I have four PCs (386 to Pentium II with Voodoo 5) that only have VGA ports. They all go through a KVM and into the OSSC. You do have to fiddle with the timings to get the screen aligned and sized correctly, but once you get it right, it's smooth sailing. I have each PC saved to its own profile. The 16 profiles will save all the settings from that input, and can either be tied to the input (switching to Video 3 [VGA] in sets it to profile X) or vice versa (loading profile X sets it to Video 3), or they can remain independent. One profile saves settings for each resolution that you've customized.

It detects the resolution well enough most of the time. I've had it guess wrong a couple times, but setting the sync timing a little one way or the other usually gets it right on track. My TV is a little particular about some of the timings, and I've had the OSSC lock to the correct res and the TV still not show a picture. You can sometimes fix this be tweaking the X or Y active area by a few pixels. It gets to be a tiny bit of trial and error combined with a gut sense of what you might have to do to get a particular res working. In the end, my TV has been willing to accept more resolutions through the OSSC sampling VGA than it would from a direct DVI to HDMI feed.

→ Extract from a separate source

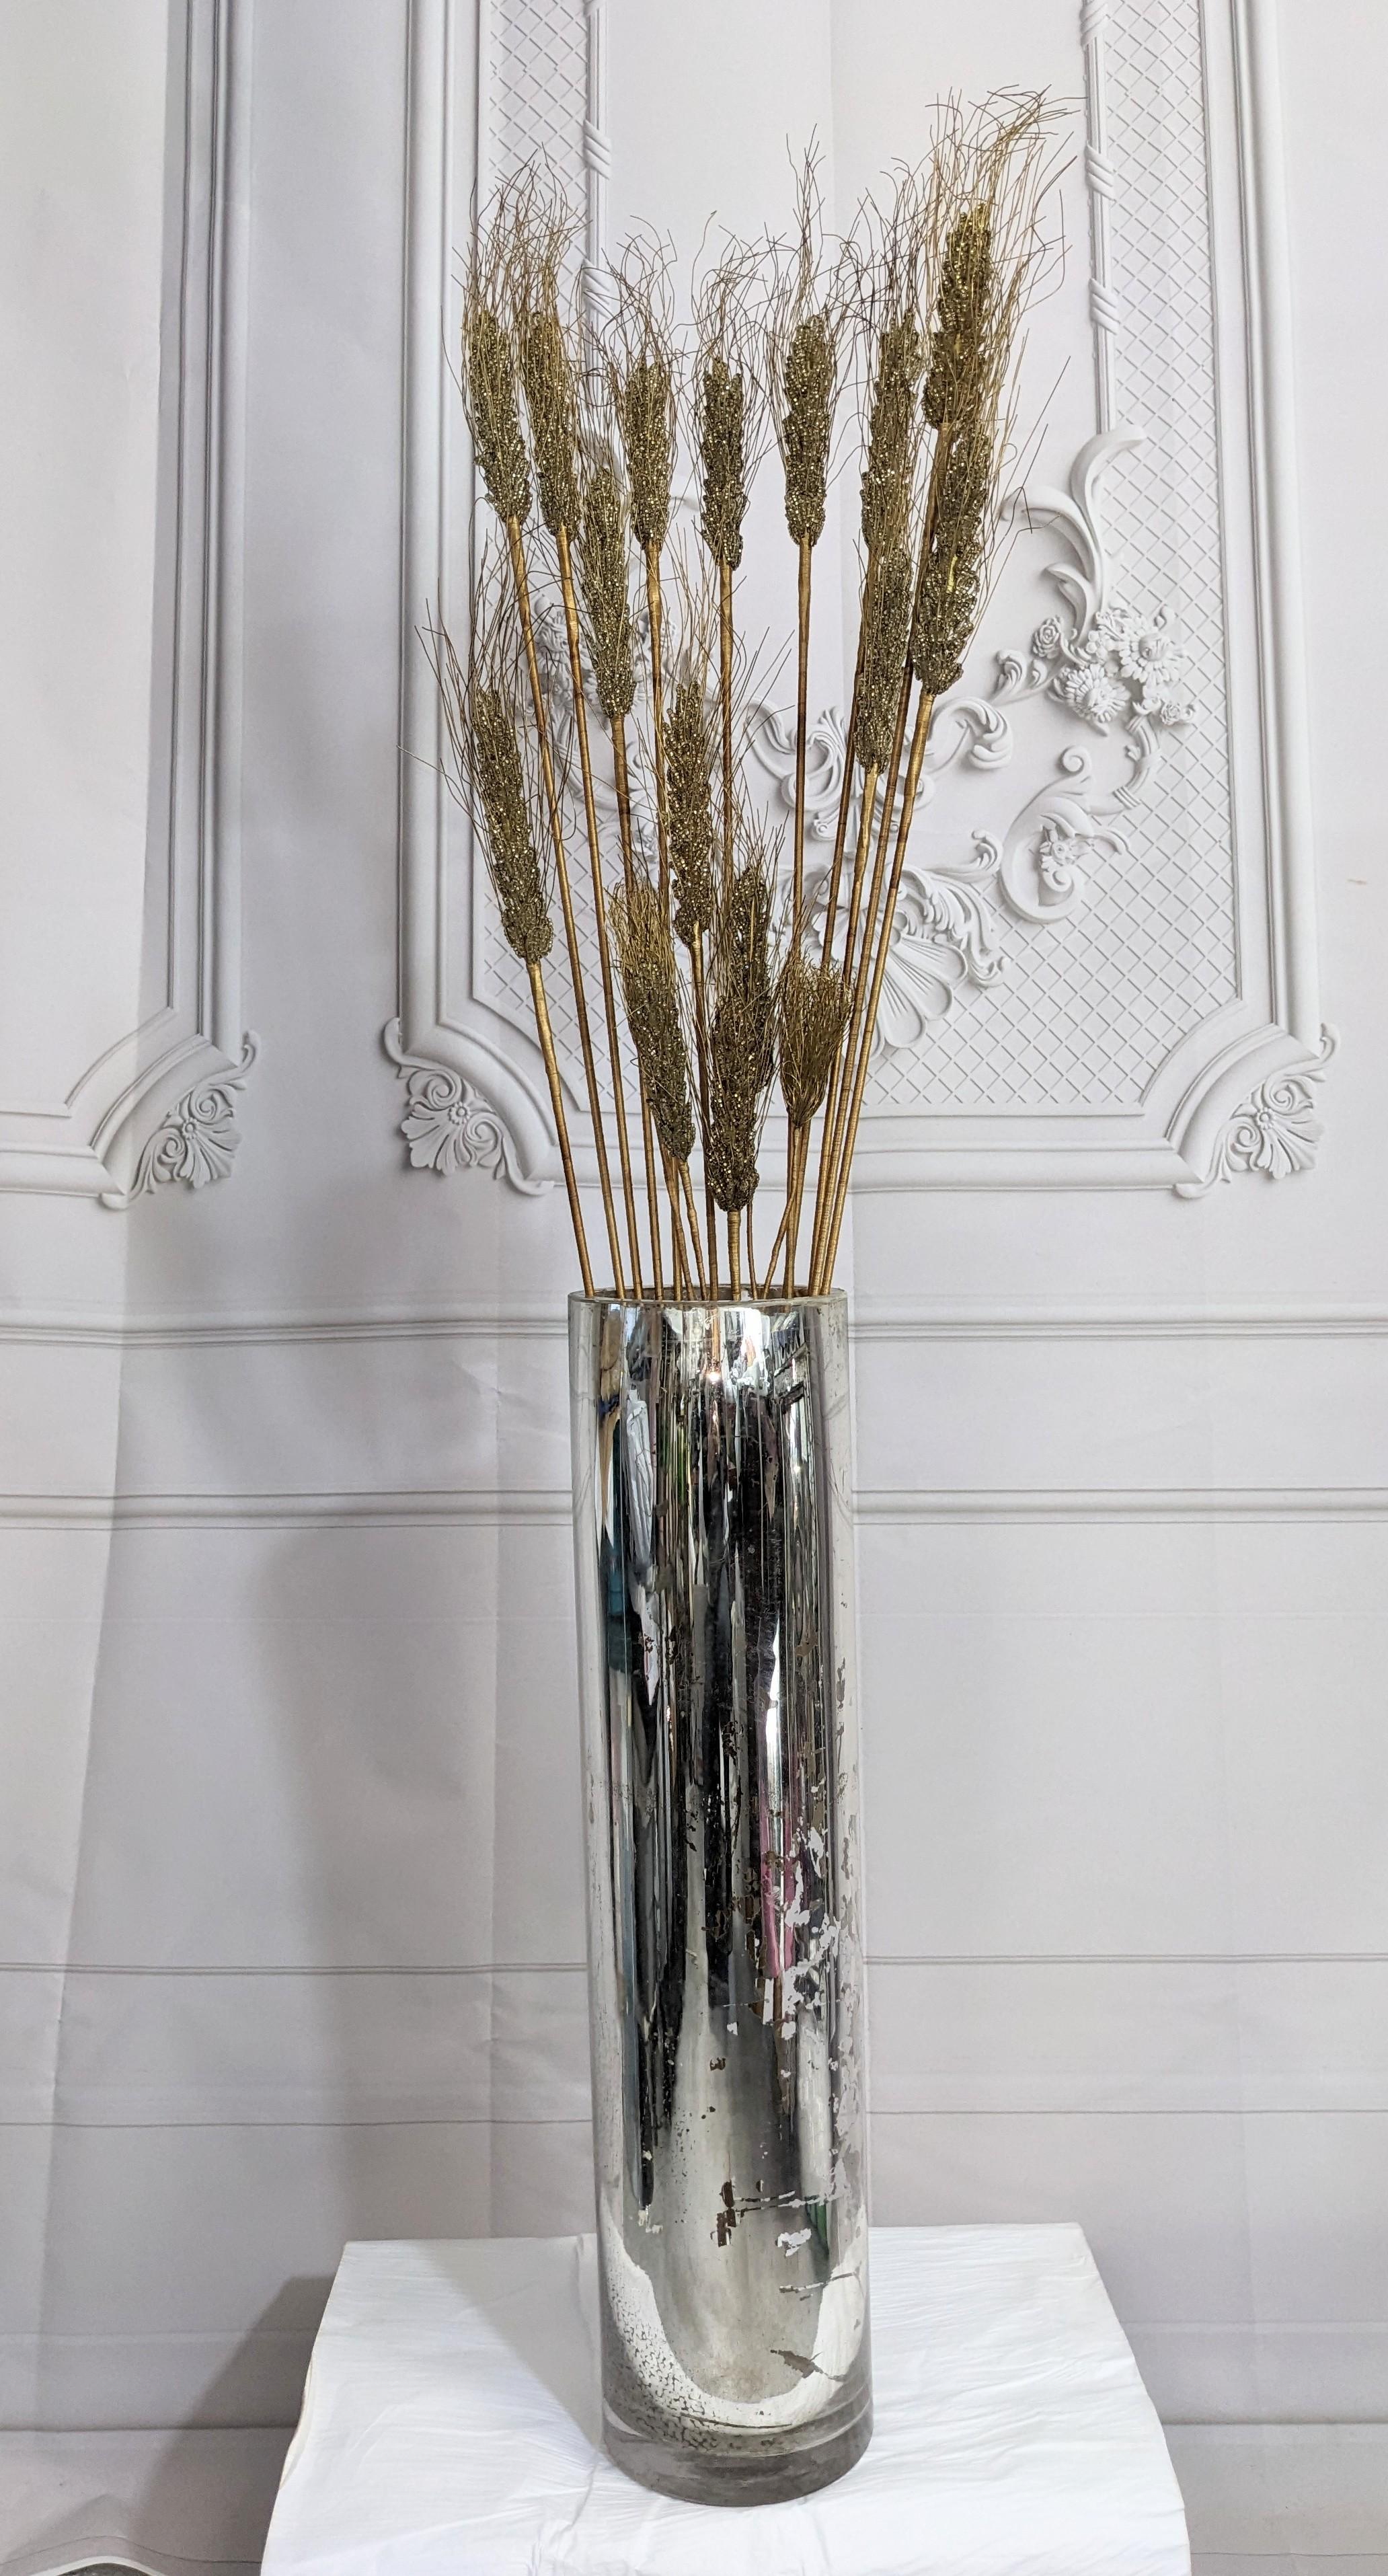 Set of Hand Beaded French Wheat Sheaves from the mid 20th century. Hand beaded with tiny gold seed beads and brass filament to represent corn silk. A variety of different heights for arranging in a vase. 
Hand beaded flowers is a French tradition

I've done 1270x768 and beyond. Not sure what the highest resolution is that it'll successfully lock to. I want to say I've had it up to 1600x1200, but I could be mistaken. Suffice to say, for vintage VGA-only PCs, it's normally higher than the card can do comfortably and still run games at a reasonable frame rate.

No regrets. I bought it for 240p sources and was THRILLED at how great it work with PCs. But your TV has to cope with 70Hz for those DOS resolutions. The OSSC can, but it won't fix a TV that doesn't.